─── SUPPLIED DATA

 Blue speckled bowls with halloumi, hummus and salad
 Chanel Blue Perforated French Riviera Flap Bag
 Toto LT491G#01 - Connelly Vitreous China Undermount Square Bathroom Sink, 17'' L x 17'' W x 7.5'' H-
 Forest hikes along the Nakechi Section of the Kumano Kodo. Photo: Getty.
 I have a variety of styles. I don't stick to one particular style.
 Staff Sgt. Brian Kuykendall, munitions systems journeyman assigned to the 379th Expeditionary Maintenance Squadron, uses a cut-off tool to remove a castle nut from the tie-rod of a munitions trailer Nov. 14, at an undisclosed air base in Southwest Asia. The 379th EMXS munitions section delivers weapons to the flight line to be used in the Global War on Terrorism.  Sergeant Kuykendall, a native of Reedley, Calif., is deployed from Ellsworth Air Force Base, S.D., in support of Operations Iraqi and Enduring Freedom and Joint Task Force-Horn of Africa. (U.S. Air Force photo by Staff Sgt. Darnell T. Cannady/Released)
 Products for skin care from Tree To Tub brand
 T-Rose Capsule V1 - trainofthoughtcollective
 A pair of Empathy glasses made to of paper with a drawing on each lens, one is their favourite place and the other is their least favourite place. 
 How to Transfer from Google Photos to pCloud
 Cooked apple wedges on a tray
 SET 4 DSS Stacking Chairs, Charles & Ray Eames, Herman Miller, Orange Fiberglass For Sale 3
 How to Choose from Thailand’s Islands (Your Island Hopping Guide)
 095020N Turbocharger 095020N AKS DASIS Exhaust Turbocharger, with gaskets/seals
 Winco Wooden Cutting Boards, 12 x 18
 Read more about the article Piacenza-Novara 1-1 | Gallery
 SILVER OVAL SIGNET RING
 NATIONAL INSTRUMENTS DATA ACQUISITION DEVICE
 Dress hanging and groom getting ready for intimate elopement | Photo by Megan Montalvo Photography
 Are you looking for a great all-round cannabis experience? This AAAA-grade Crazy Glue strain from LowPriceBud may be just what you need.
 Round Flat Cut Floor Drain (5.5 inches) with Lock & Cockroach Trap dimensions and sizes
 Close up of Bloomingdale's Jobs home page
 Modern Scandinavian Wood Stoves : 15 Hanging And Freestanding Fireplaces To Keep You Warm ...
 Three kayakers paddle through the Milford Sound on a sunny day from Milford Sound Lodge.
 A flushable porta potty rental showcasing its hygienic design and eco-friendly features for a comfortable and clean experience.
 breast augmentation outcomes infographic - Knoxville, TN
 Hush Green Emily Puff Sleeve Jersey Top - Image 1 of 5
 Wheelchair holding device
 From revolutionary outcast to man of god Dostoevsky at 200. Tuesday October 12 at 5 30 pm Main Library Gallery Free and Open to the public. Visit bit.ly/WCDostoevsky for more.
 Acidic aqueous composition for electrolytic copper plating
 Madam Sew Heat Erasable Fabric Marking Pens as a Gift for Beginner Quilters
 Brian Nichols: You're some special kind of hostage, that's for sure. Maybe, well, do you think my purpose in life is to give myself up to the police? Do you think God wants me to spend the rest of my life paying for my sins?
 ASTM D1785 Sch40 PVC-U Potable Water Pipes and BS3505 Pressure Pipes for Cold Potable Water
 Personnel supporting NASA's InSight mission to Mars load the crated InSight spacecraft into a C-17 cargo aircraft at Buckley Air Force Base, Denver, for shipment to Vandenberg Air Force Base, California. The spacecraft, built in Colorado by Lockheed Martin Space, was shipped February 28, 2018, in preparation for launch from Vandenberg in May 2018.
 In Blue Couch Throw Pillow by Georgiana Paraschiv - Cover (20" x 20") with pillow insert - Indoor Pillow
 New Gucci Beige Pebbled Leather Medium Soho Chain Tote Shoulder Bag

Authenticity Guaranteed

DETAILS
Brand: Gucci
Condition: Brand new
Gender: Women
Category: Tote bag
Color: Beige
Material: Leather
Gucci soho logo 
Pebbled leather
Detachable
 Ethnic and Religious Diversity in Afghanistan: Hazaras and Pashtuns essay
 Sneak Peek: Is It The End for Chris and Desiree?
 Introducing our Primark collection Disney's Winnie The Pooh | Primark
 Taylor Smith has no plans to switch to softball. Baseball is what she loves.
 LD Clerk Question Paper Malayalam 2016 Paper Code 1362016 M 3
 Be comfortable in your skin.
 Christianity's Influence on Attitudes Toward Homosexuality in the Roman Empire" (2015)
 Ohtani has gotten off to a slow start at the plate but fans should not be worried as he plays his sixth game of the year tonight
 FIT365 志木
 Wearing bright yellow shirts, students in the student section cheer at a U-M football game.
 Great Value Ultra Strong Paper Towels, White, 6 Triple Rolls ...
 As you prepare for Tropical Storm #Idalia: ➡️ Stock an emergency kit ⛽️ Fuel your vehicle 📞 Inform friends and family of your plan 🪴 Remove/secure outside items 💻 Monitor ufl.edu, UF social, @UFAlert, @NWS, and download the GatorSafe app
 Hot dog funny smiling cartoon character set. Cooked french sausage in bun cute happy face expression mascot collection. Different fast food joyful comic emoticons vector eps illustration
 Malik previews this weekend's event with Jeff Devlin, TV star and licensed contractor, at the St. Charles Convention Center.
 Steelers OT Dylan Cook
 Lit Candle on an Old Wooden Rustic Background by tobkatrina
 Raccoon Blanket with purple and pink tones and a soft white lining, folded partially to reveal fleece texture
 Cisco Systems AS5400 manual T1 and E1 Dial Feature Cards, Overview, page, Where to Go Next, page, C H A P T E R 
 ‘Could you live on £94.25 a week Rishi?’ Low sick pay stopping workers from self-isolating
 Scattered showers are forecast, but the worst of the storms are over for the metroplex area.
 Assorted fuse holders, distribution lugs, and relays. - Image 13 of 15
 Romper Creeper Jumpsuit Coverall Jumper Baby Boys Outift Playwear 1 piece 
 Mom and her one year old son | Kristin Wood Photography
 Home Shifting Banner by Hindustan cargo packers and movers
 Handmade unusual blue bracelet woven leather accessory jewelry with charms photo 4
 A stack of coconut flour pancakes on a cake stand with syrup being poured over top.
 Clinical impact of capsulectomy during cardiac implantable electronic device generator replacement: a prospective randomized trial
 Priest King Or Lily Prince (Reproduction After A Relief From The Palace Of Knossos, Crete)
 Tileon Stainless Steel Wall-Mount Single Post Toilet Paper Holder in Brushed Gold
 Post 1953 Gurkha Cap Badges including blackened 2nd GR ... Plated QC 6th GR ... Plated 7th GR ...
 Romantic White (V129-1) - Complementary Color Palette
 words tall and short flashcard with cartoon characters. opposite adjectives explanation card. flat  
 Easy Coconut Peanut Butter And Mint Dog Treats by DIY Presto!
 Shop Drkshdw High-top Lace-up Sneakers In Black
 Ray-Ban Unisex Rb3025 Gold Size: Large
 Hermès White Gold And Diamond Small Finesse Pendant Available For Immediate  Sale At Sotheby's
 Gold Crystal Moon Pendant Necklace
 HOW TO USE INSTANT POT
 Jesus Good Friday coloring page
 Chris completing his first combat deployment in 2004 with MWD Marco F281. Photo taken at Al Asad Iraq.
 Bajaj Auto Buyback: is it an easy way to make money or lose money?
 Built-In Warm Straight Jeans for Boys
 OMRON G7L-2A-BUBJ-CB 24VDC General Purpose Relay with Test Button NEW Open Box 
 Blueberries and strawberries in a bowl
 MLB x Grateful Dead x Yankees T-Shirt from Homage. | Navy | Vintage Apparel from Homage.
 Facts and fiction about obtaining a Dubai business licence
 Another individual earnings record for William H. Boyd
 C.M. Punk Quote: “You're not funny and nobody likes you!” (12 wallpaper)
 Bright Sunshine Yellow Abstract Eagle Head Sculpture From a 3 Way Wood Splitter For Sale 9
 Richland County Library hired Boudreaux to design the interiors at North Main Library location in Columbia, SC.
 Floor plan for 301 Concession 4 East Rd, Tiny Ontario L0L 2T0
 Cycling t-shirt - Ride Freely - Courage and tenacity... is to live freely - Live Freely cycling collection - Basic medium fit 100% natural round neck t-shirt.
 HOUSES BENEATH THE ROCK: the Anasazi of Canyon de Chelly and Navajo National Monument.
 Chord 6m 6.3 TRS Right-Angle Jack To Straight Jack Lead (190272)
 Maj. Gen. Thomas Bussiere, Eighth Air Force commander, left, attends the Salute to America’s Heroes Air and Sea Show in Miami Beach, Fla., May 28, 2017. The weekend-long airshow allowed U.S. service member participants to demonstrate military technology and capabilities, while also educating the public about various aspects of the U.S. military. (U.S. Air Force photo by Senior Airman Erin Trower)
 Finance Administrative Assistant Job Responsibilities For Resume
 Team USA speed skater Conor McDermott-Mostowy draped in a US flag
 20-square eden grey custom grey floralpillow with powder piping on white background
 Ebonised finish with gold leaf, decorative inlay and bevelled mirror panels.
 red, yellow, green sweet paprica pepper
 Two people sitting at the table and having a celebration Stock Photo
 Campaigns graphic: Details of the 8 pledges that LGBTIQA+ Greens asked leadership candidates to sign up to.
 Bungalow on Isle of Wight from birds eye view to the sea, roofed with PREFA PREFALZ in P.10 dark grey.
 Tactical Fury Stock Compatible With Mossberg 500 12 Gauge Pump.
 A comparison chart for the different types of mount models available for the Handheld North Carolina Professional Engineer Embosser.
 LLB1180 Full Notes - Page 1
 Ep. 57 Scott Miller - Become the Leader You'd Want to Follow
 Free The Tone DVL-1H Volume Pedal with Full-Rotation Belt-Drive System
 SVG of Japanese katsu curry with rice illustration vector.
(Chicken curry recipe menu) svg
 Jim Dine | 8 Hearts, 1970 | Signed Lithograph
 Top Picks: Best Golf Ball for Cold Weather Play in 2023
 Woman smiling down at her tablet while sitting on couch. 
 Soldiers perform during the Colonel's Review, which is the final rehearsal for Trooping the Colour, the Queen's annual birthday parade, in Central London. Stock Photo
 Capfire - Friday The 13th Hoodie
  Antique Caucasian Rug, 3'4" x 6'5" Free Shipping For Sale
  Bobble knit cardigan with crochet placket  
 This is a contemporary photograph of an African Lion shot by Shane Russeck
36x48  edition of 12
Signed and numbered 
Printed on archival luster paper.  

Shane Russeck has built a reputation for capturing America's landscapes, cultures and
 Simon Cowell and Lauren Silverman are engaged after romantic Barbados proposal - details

──────

Using the data above, reproduce exactly the lines between those holding "T-Rose Capsule V1 - trainofthoughtcollective" and "Dress hanging and", inclusive, and no others.

 T-Rose Capsule V1 - trainofthoughtcollective
 A pair of Empathy glasses made to of paper with a drawing on each lens, one is their favourite place and the other is their least favourite place. 
 How to Transfer from Google Photos to pCloud
 Cooked apple wedges on a tray
 SET 4 DSS Stacking Chairs, Charles & Ray Eames, Herman Miller, Orange Fiberglass For Sale 3
 How to Choose from Thailand’s Islands (Your Island Hopping Guide)
 095020N Turbocharger 095020N AKS DASIS Exhaust Turbocharger, with gaskets/seals
 Winco Wooden Cutting Boards, 12 x 18
 Read more about the article Piacenza-Novara 1-1 | Gallery
 SILVER OVAL SIGNET RING
 NATIONAL INSTRUMENTS DATA ACQUISITION DEVICE
 Dress hanging and groom getting ready for intimate elopement | Photo by Megan Montalvo Photography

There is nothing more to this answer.